The budgeting system from You Need A Budget has an excel spreadsheet budget that is made to work on this type of budget, living on last month’s income.   There is a one time fee to download it and I’ve never used it, but it seems interesting.  If you have used it I would love to hear what you think of it.

9 thoughts on “Budgeting for an Irregular Income”

  1. Great tips, Ashley. I think the idea of an “irregular income” is a scary thought to a lot of people (including me). That sounds like a great plan for people that have a regular income, too.

    I’m just curious: do you have ideas for people that don’t have an idea what their “average” income is since they just left a job and might be doing freelancing or running a business?

  2. If you are just starting out on your own I would suggest making and living on a bare bones budget. Hopefully you have some savings set aside for living expenses while business gets going. If business covers expenses right away great, if not, you will have an idea of where you are.

  3. Steve MoneyPlanSOS Stewart

    Great idea. I didn’t realize that we were already doing something similar to the “cushion” fund – we always have enough money in our account to cover one month’s mortgage payment and $200 in groceries.

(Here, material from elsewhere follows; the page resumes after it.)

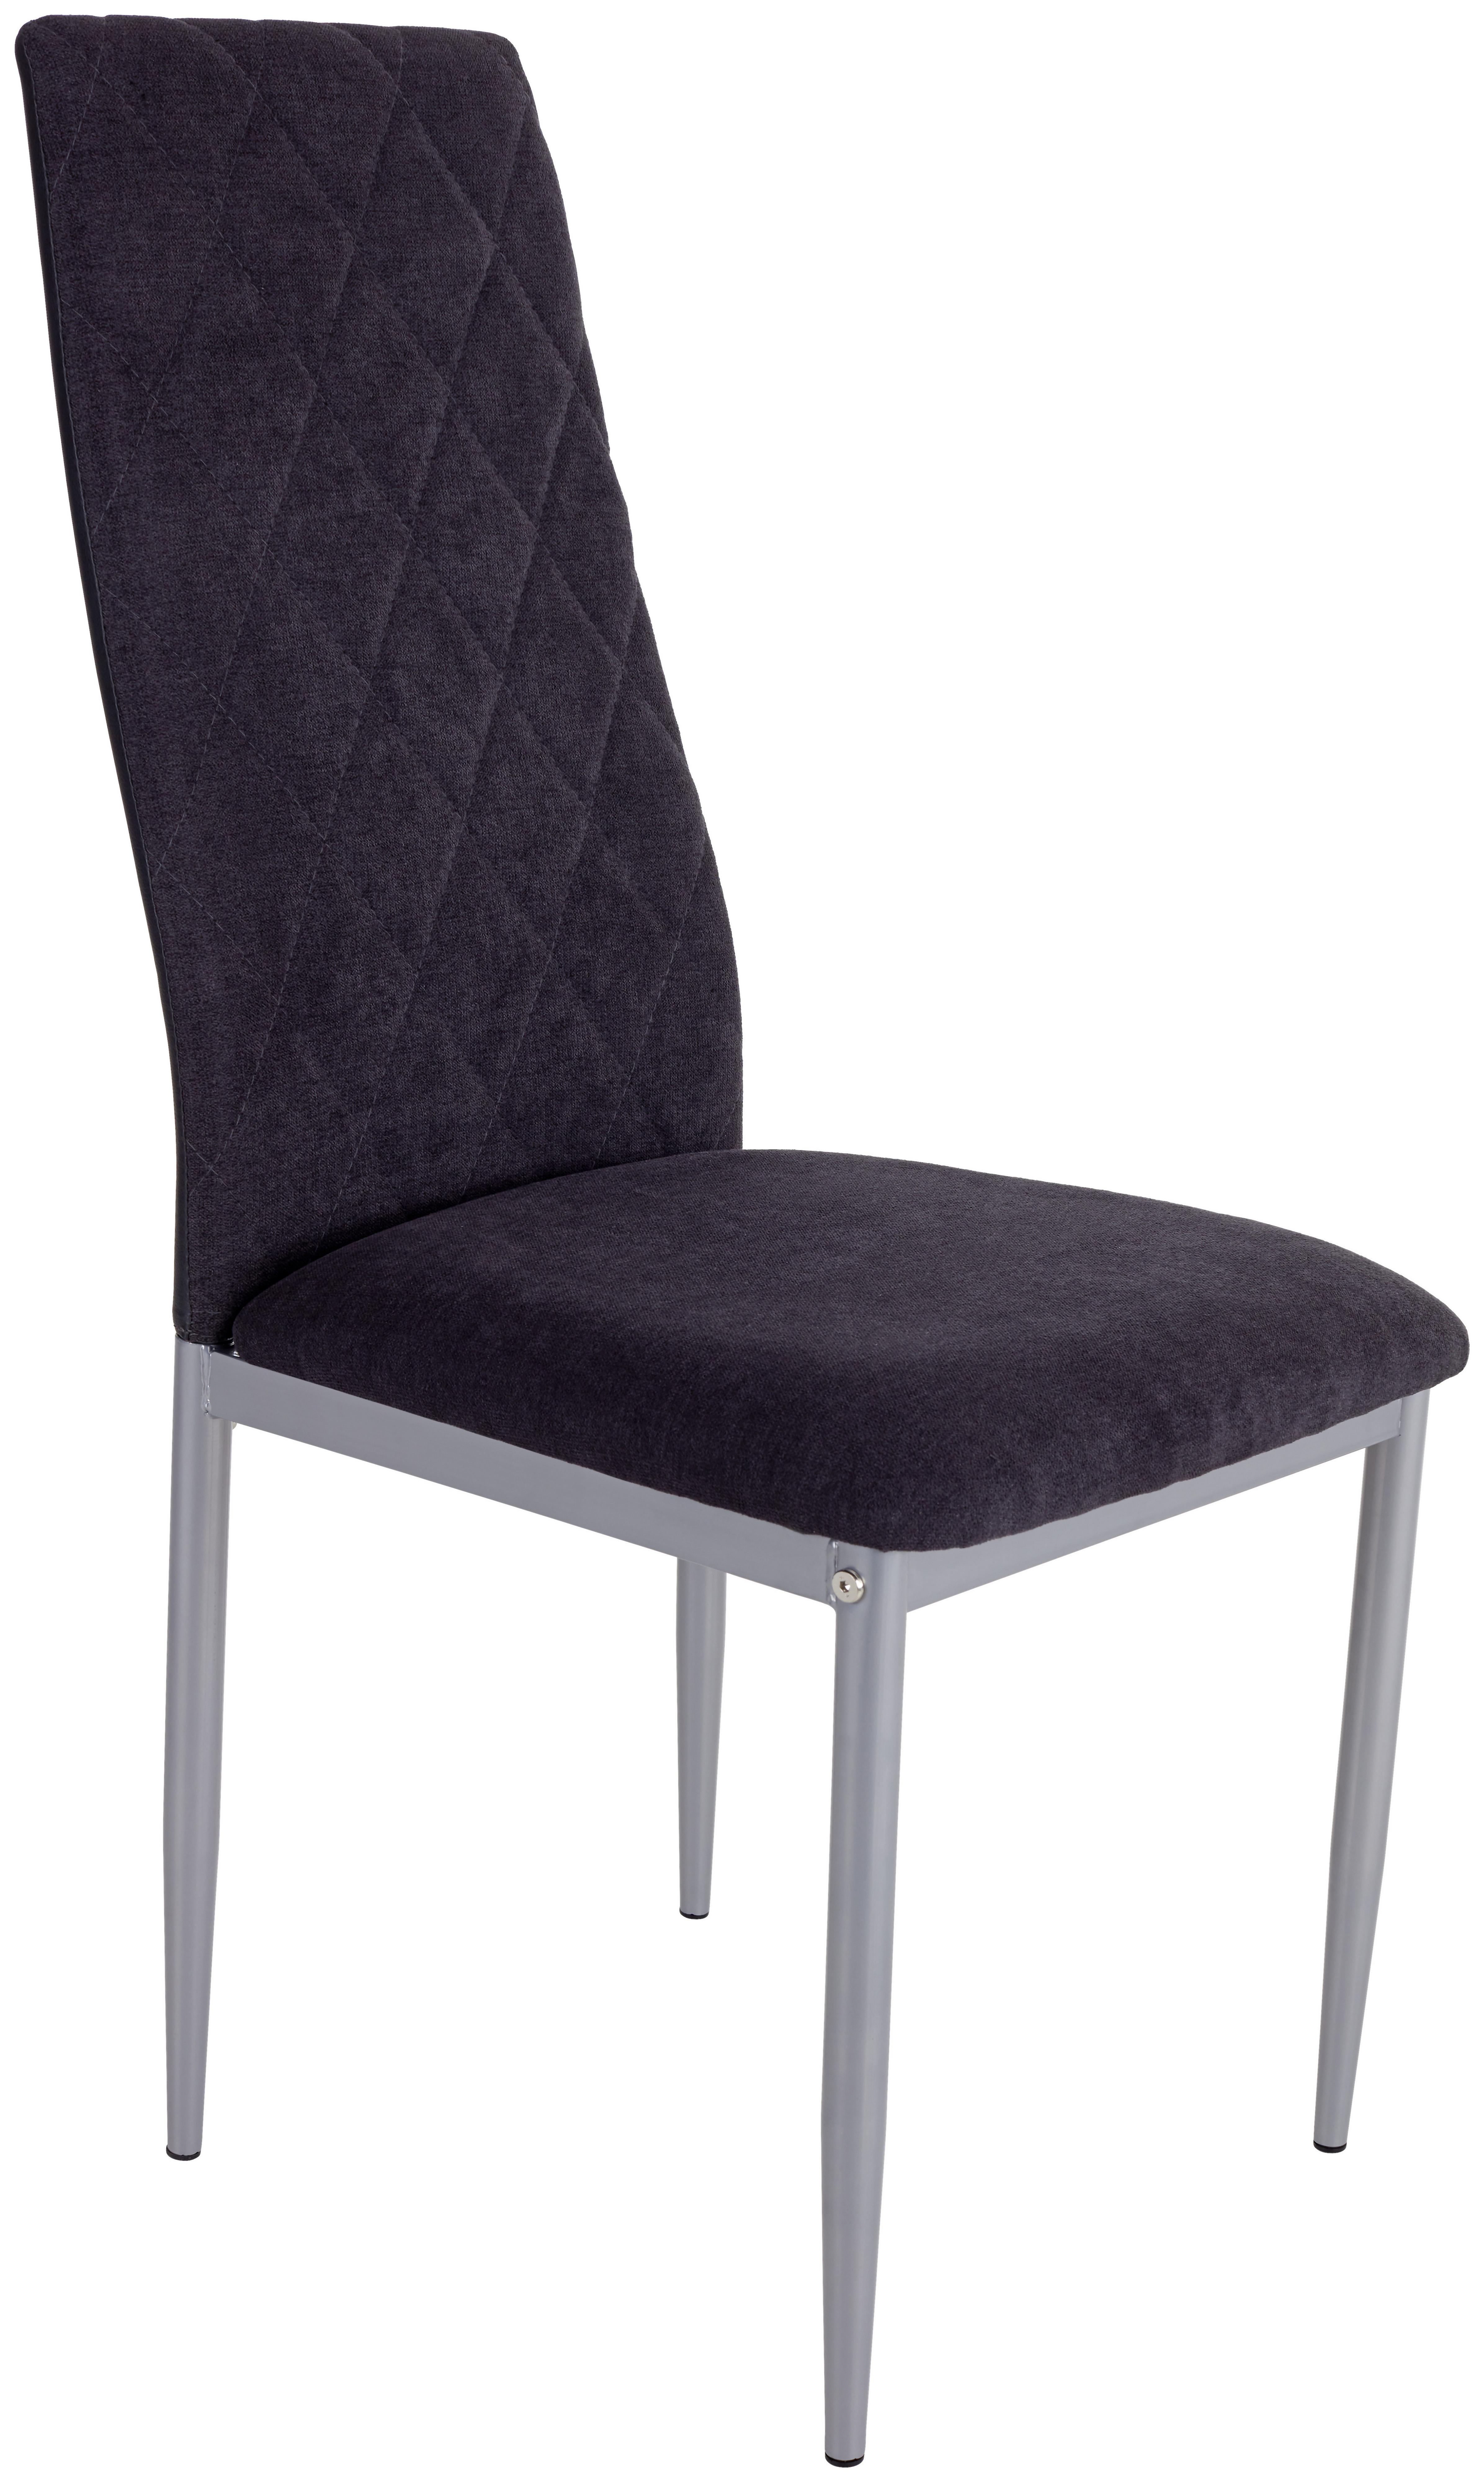 Židle Se 4 Nohami Franka - černá/barvy stříbra, Konvenční, kov/textil (42/97/53cm)

    I hope I’m not stepping on your blog-toes here but wanted to share a podcast that shows how to create the Absolute Simplest Budget that works – ESPECIALLY for those with irregular income: //www.moneyplansos.com/005-mpsos/

    And to make the process even easier (and more dynamic when the expected income changes) there is an instructional video: //www.youtube.com/watch?v=1VaEuLlfq2A The video is a little long and the instructor is pretty boring, but it works really well and IT’S FREE!

    Ashley, great stuff! Keep up the great posts and I’ll see you on Twitter!

  4. Thank goodness I have a regular income, because I have a hard enough time budgeting that one.

    Living on a bare bones budget is great, unfortunately too many of us have suffered lifestyle inflation already.

    Great tips though!

  5. Hunter - Financially Consumed

    Smoothing out the bumps is not easy but can be managed, as your point out. I worked on 100% commission for a while. I made ZERO for the first three months during training and developing a pipeline of clients. Stressed me out, but thankfully my wife had her stable Government income.

    As long as the total income for a year is still enough to meet the obligations you should be able to develop a plan to make it work.

  6. I do this. I built up a $10,000 cushion account before I quit my day job, then started paying myself $1650 every 2 weeks. Everything I make is diverted into that account and anything over $10,000 at the end of our budget month is split up between other savings. So far, there is always something left to split up…but I am prepared to handle any months that aren’t as lucky.